What is required:
The required answer is the run of lines from the one holding "Athlete touching painful" to the end of the data below, copied exactly and free of pictures.
[Data segment]
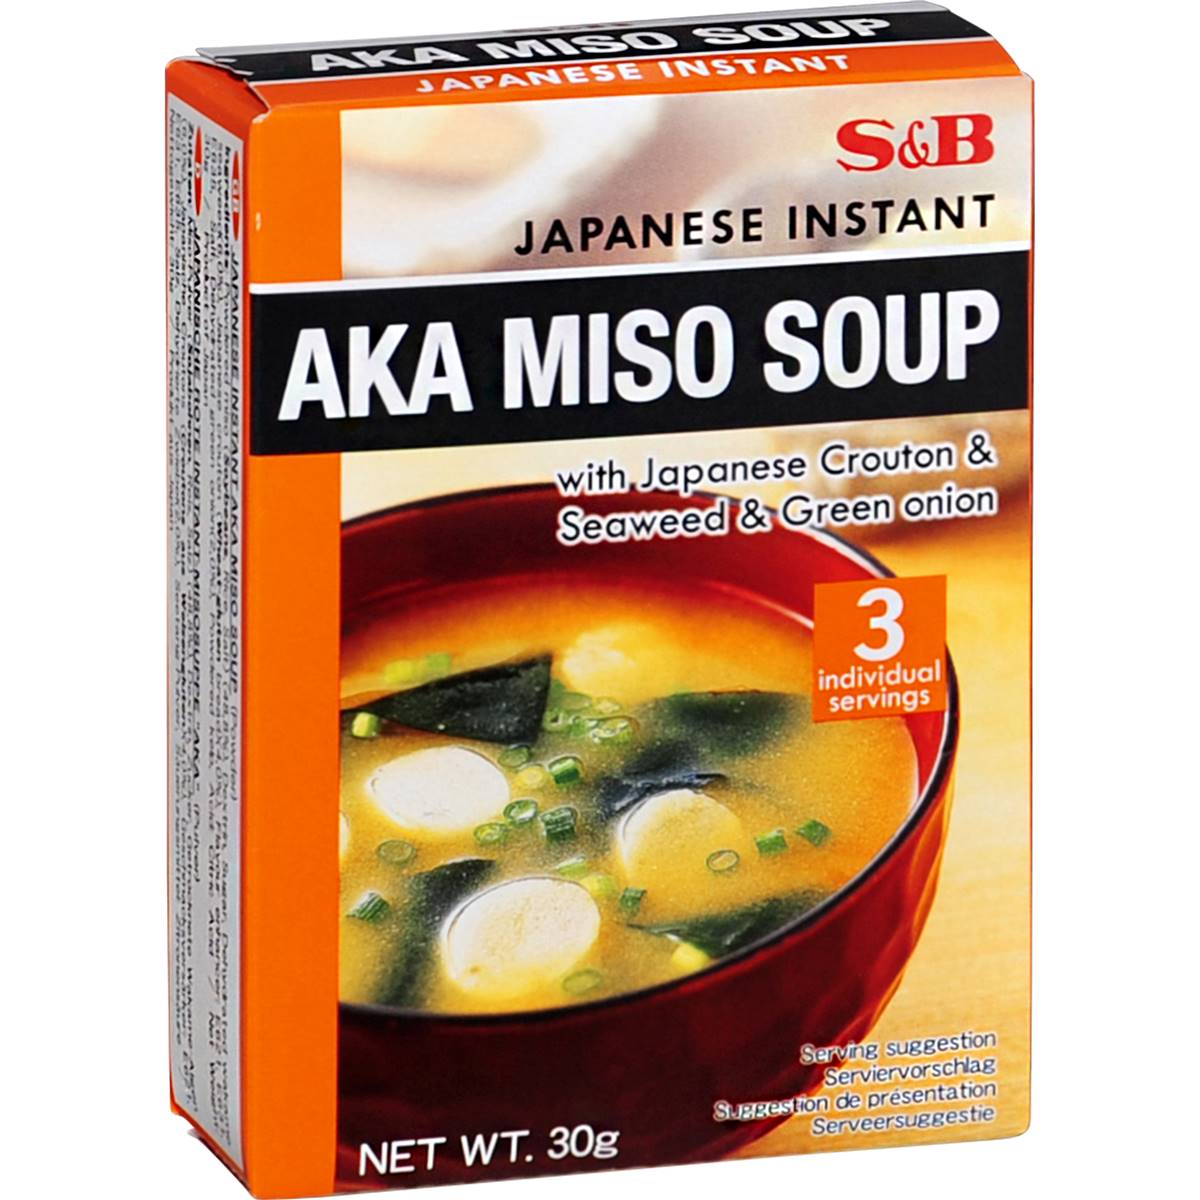 Calories in S&b Miso Soup Aka
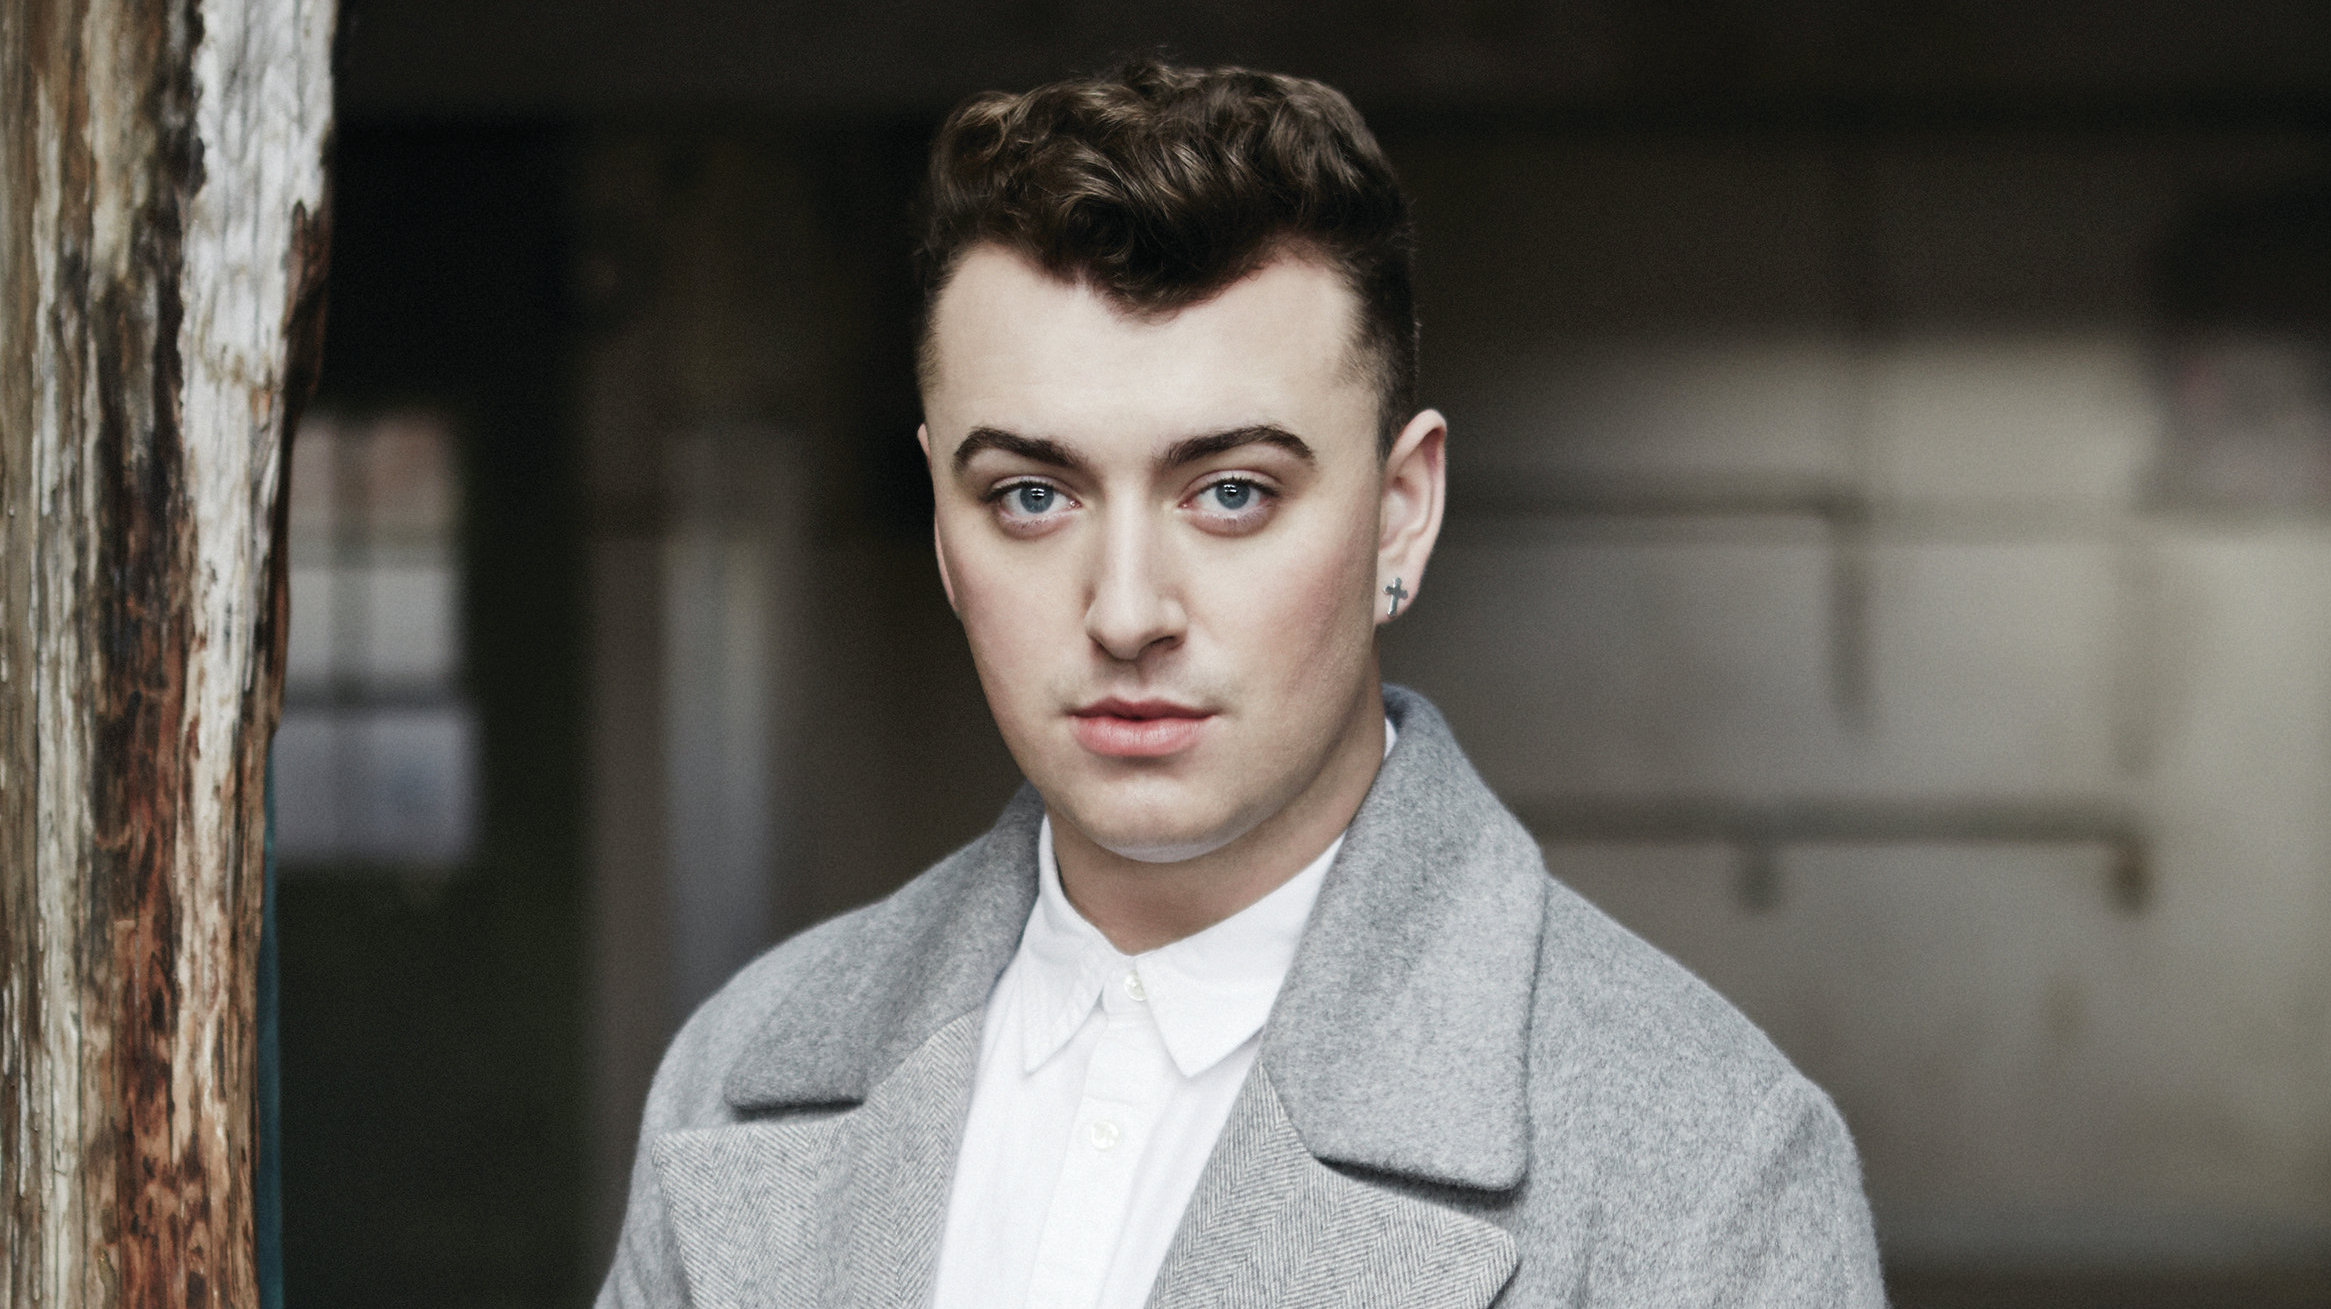 Sam Smith changes the lyrics on 'Stay With Me
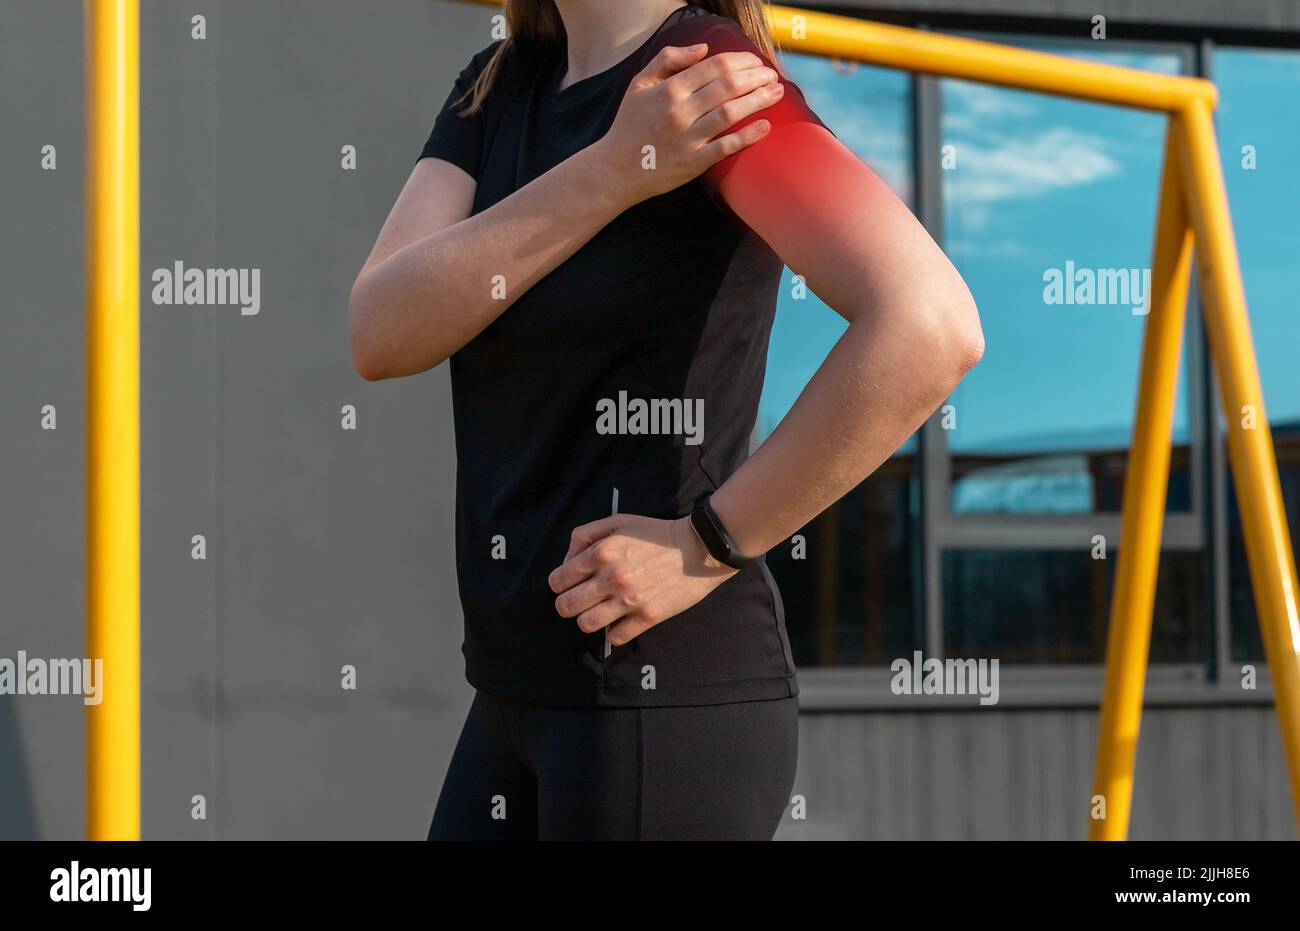 Athlete touching painful shoulder with red point during outdoor training. Dislocation, arthritis, fracture, rotator cuff strain consequences. Health problems in sport concept. High quality photo Stock Photo
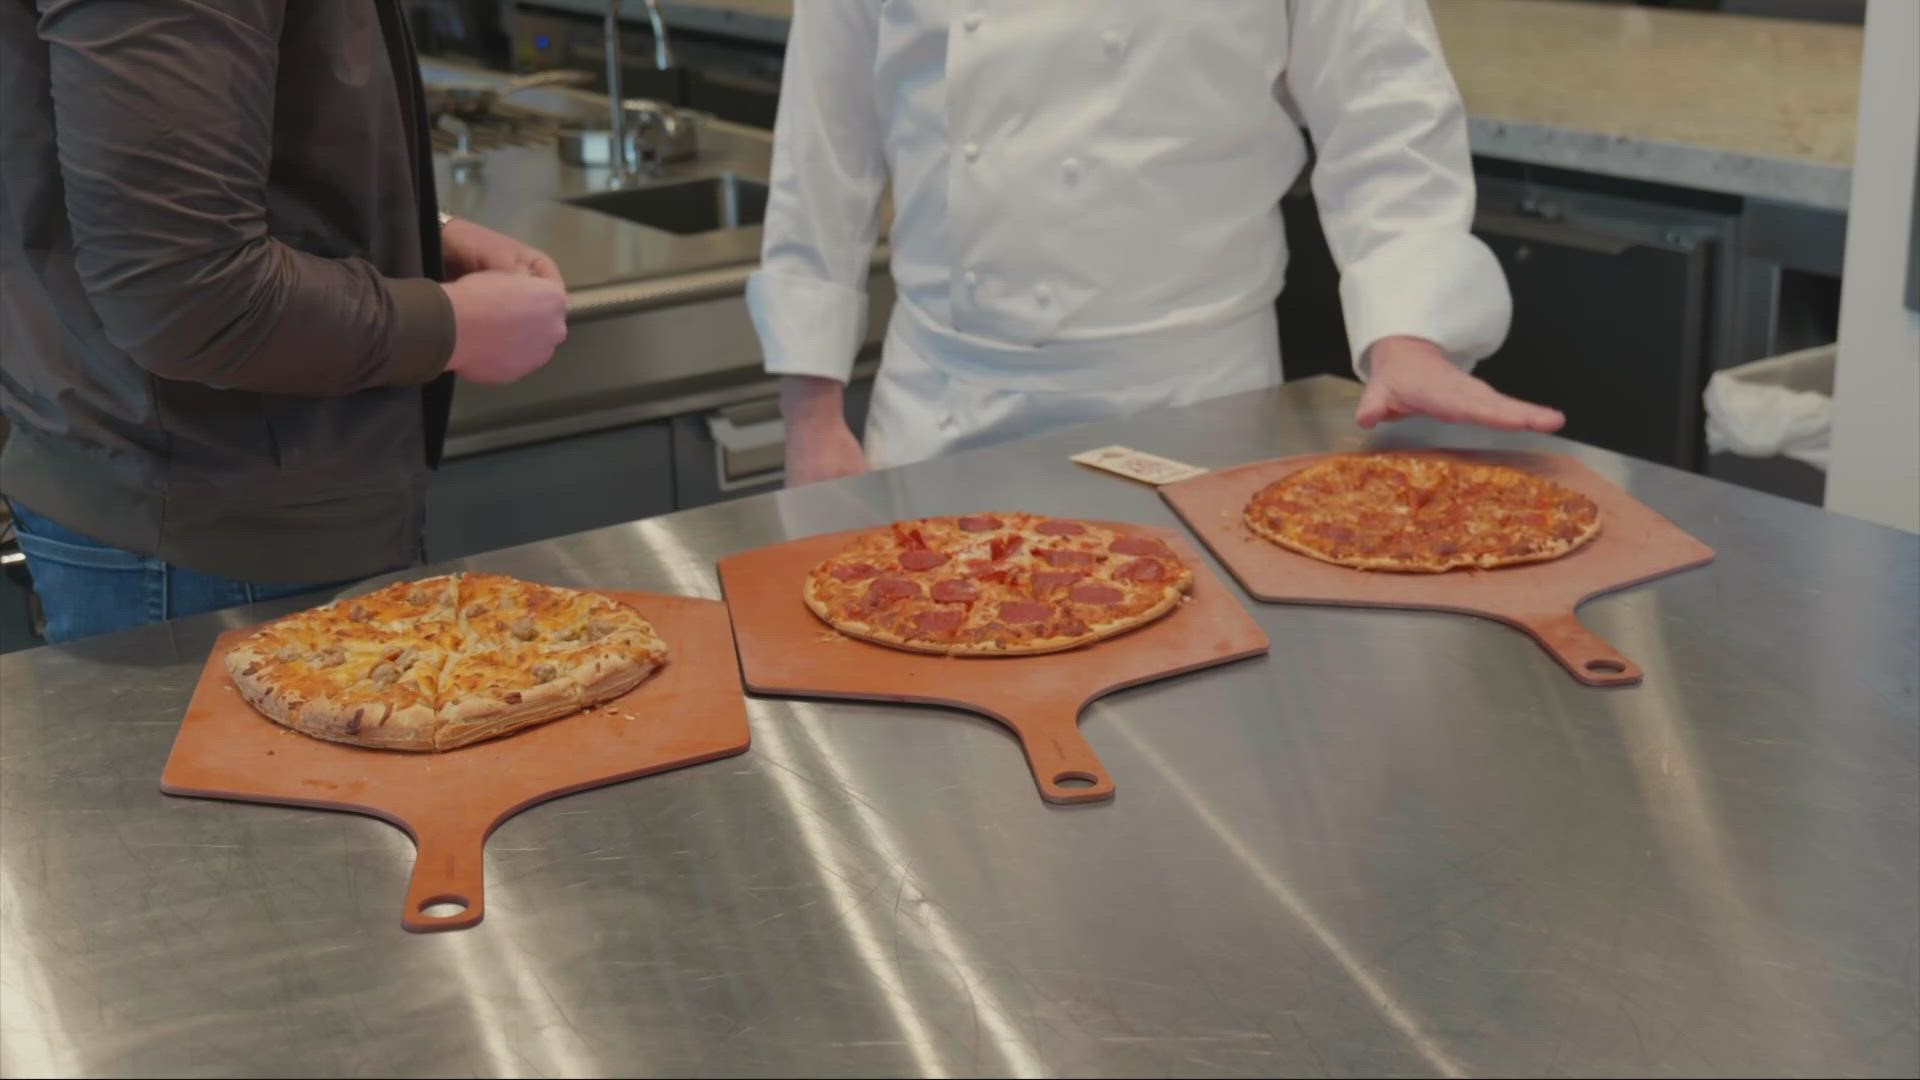 We take our Mission Possible series into the Nestlé test kitchen to uncover the next frozen pizza creation from DiGiornio coming soon to a grocery store near you.
[/Data segment]
Reply:
 Athlete touching painful shoulder with red point during outdoor training. Dislocation, arthritis, fracture, rotator cuff strain consequences. Health problems in sport concept. High quality photo Stock Photo
 We take our Mission Possible series into the Nestlé test kitchen to uncover the next frozen pizza creation from DiGiornio coming soon to a grocery store near you.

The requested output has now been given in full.